### Exercise objective:
Nothing but the lines from the one containing "Proactive IT monitoring" through the end of the data should be retyped, exactly as they stand, and pictures should not be retyped.

-------- Task data --------

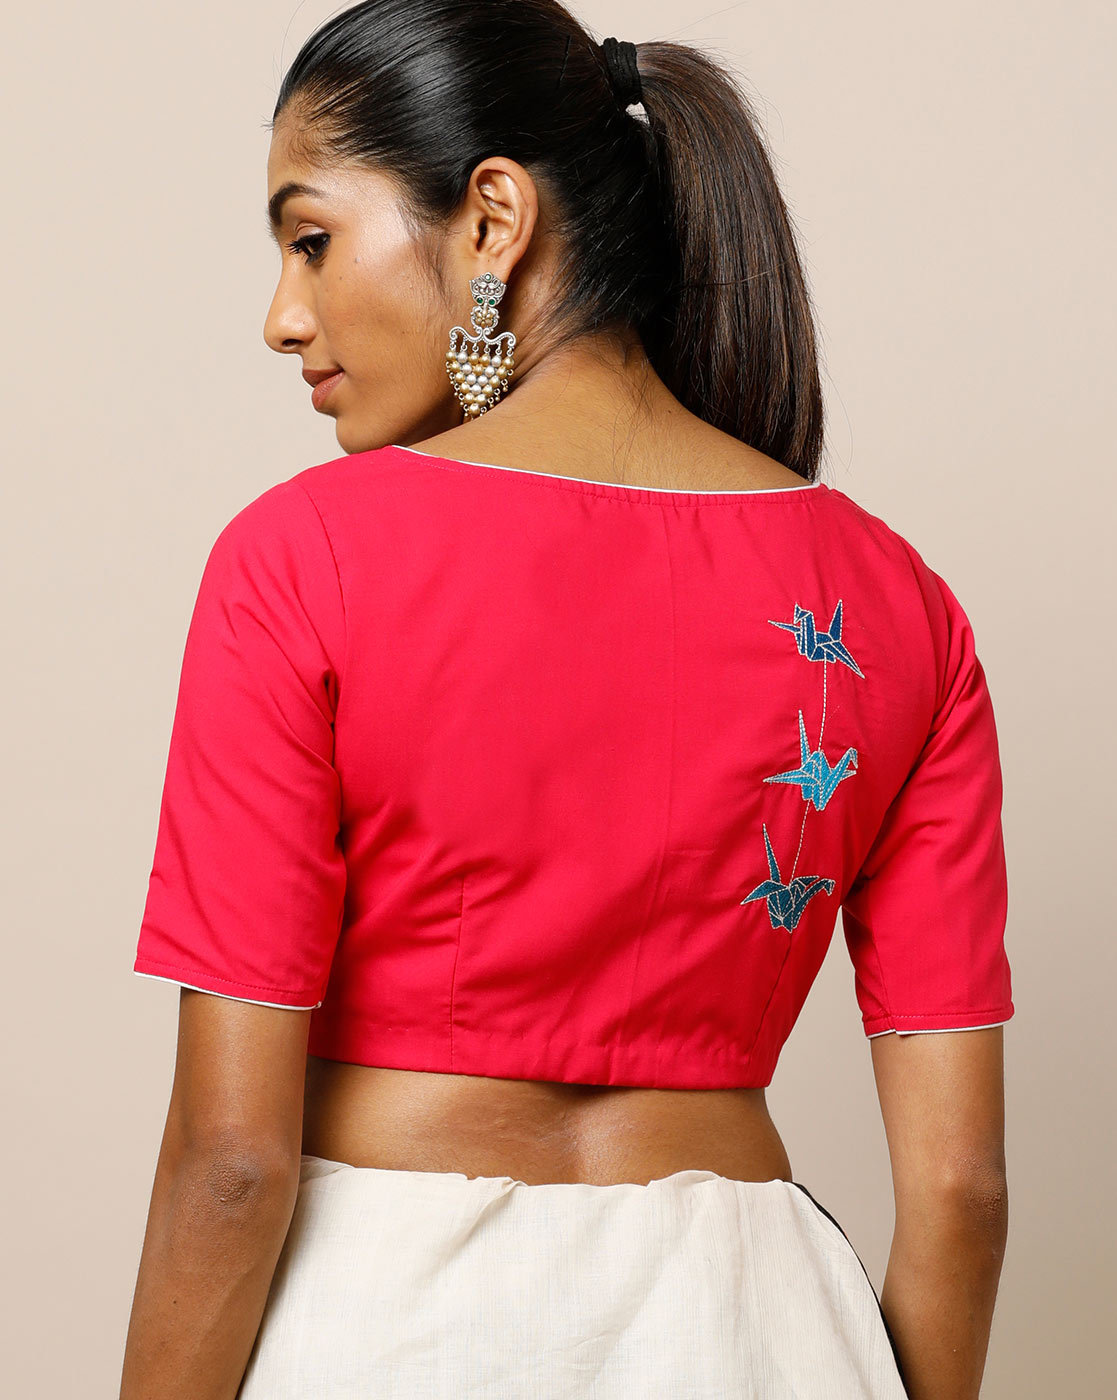 blouse-back-with-embroidery-designs-2019 (21)
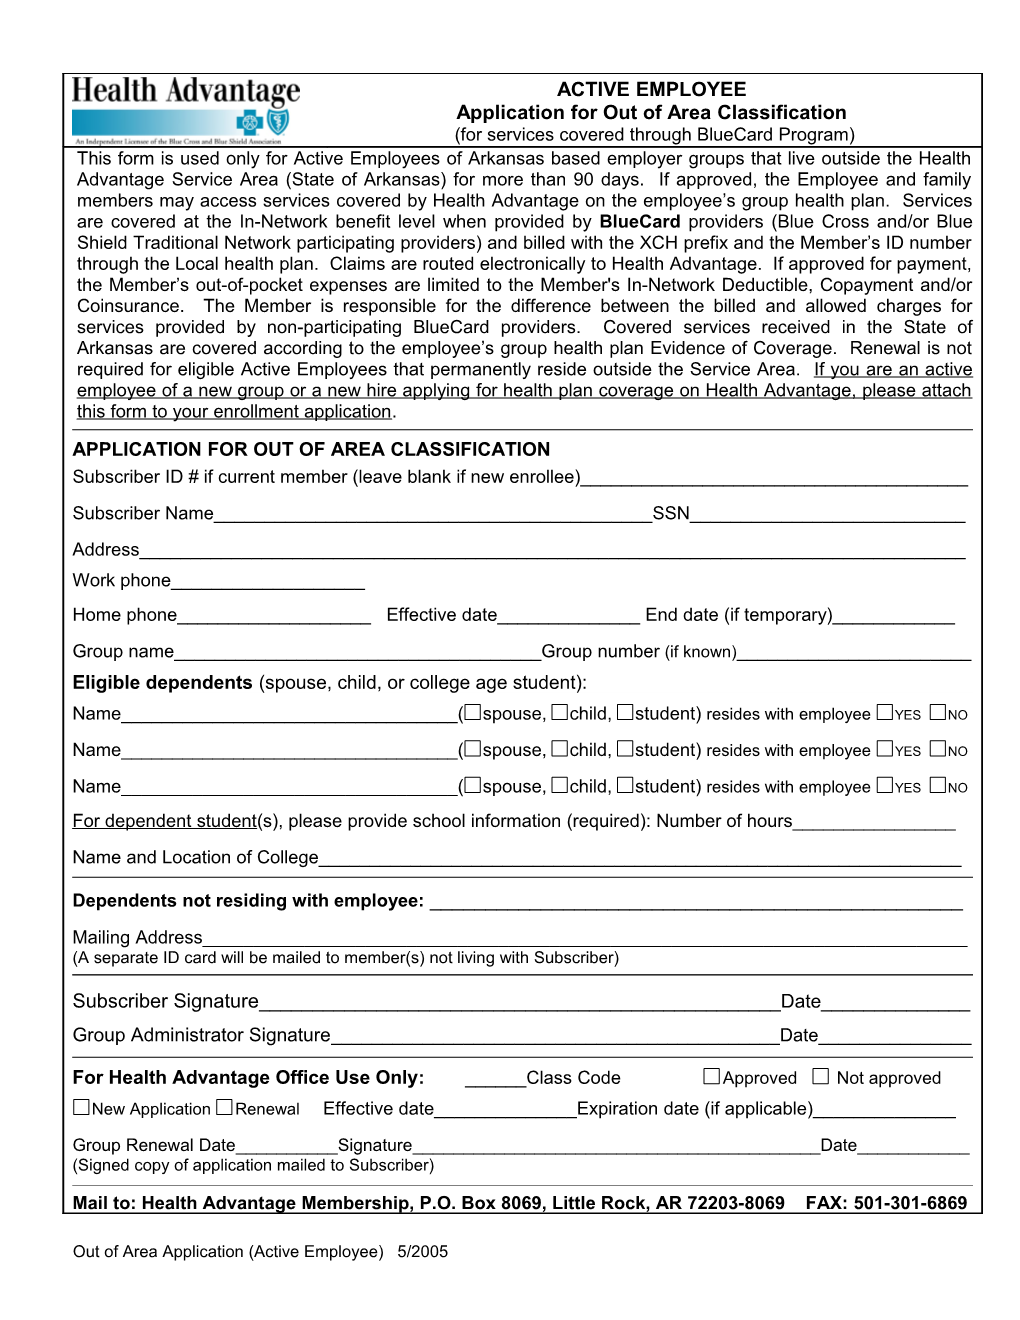 Application for out of Area Classification
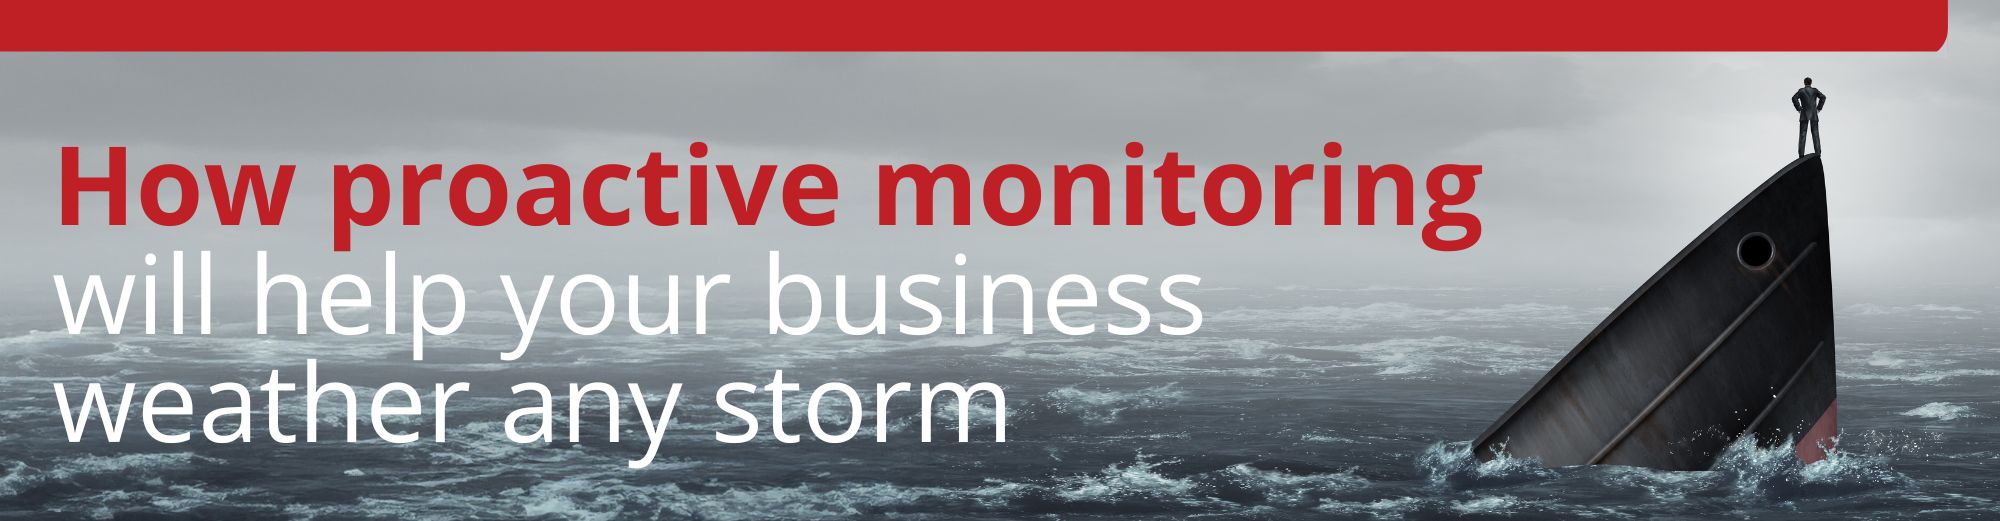 Proactive IT monitoring will help your business weather the storm.
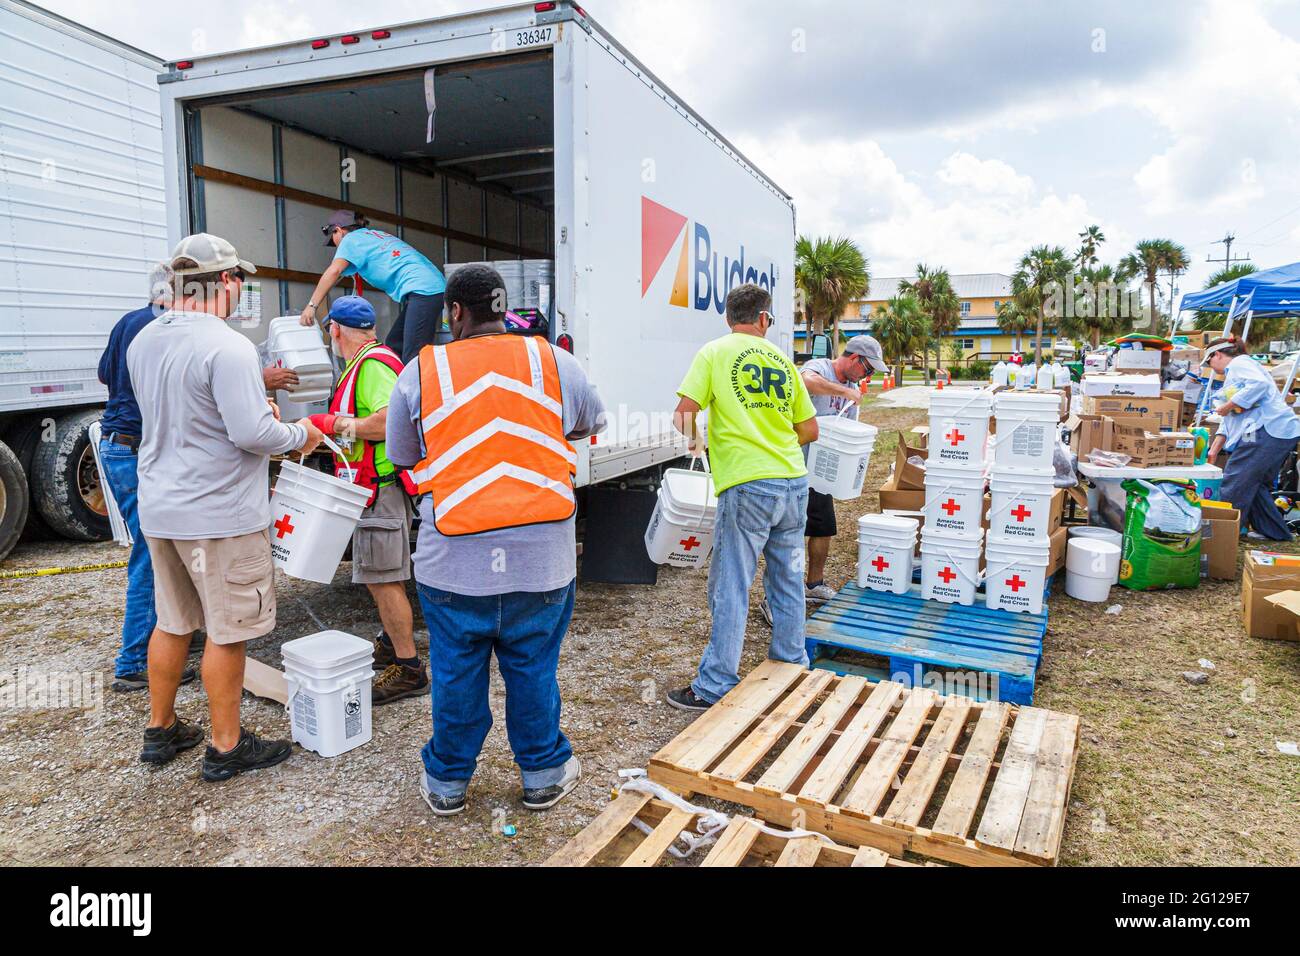 Florida FL South Everglades City after Hurricane Irma response recovery assistance distribution site Red Cross workers volunteer volunteers Photo Alamy
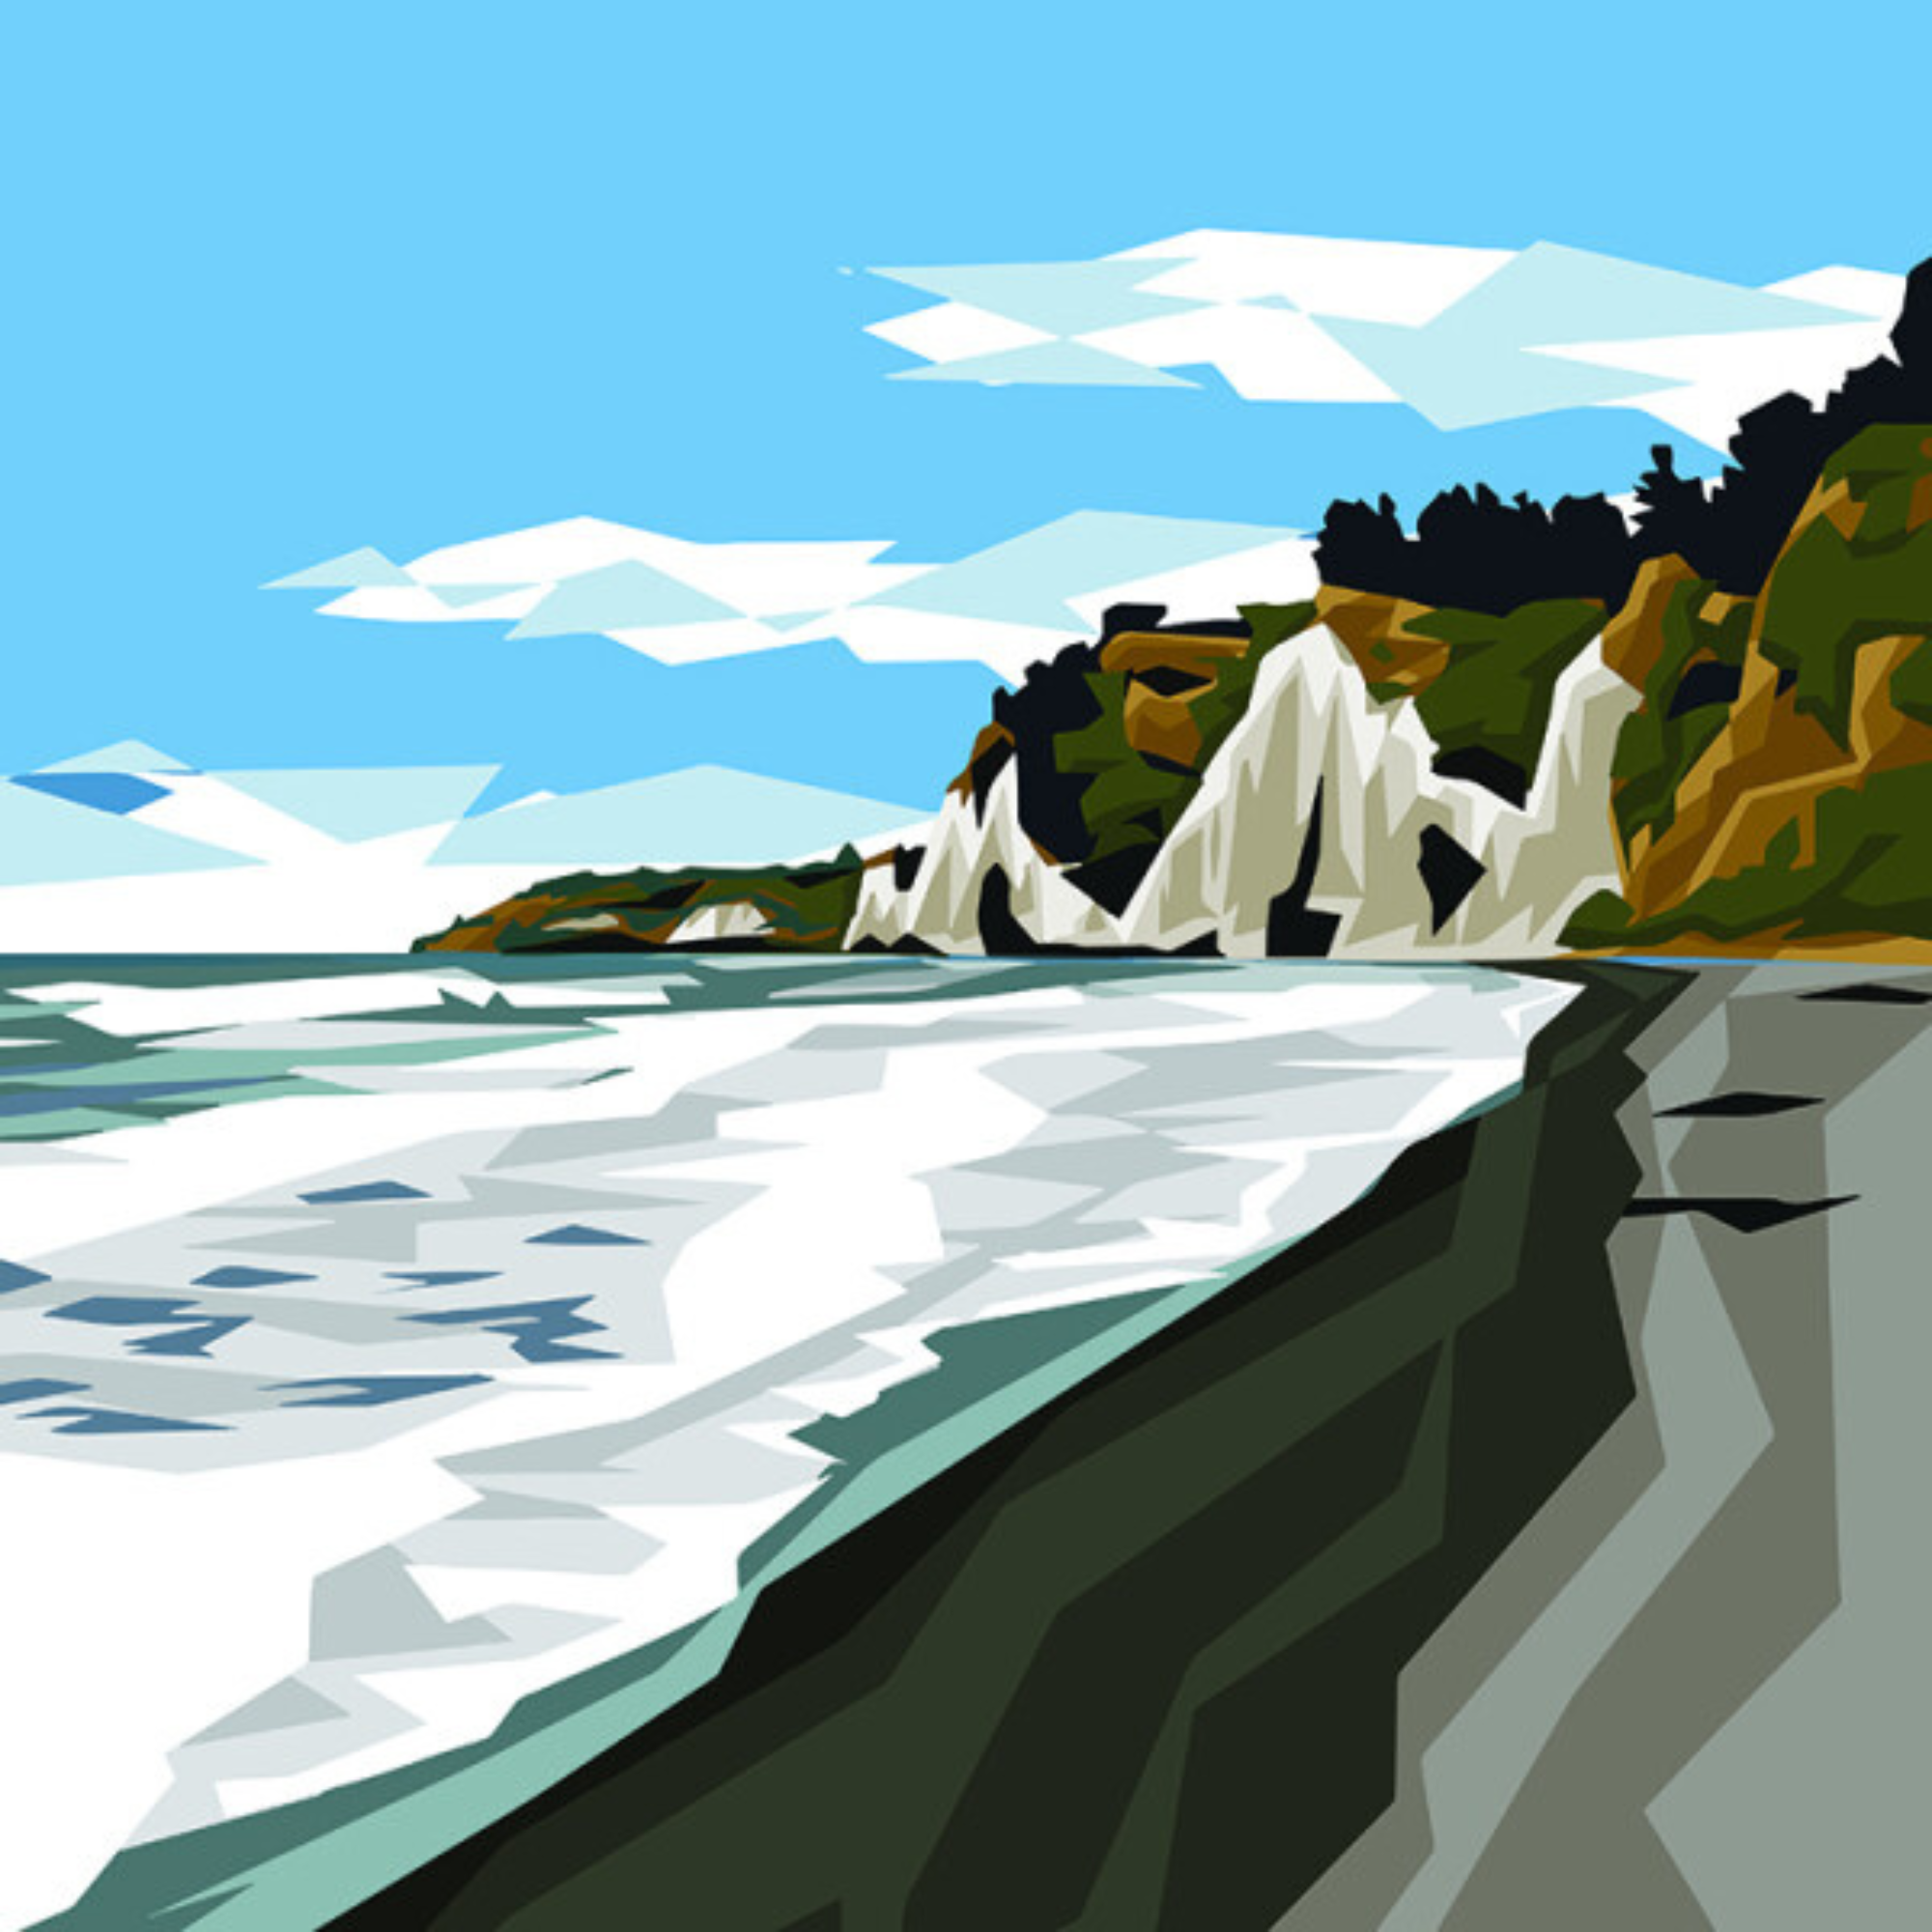 GORE BAY | CANVAS STRETCHED READY TO HANG | IRA MITCHELL  | NZ MADE

--------

### Exercise answer:
 Proactive IT monitoring will help your business weather the storm.
 Florida FL South Everglades City after Hurricane Irma response recovery assistance distribution site Red Cross workers volunteer volunteers Photo Alamy
 GORE BAY | CANVAS STRETCHED READY TO HANG | IRA MITCHELL  | NZ MADE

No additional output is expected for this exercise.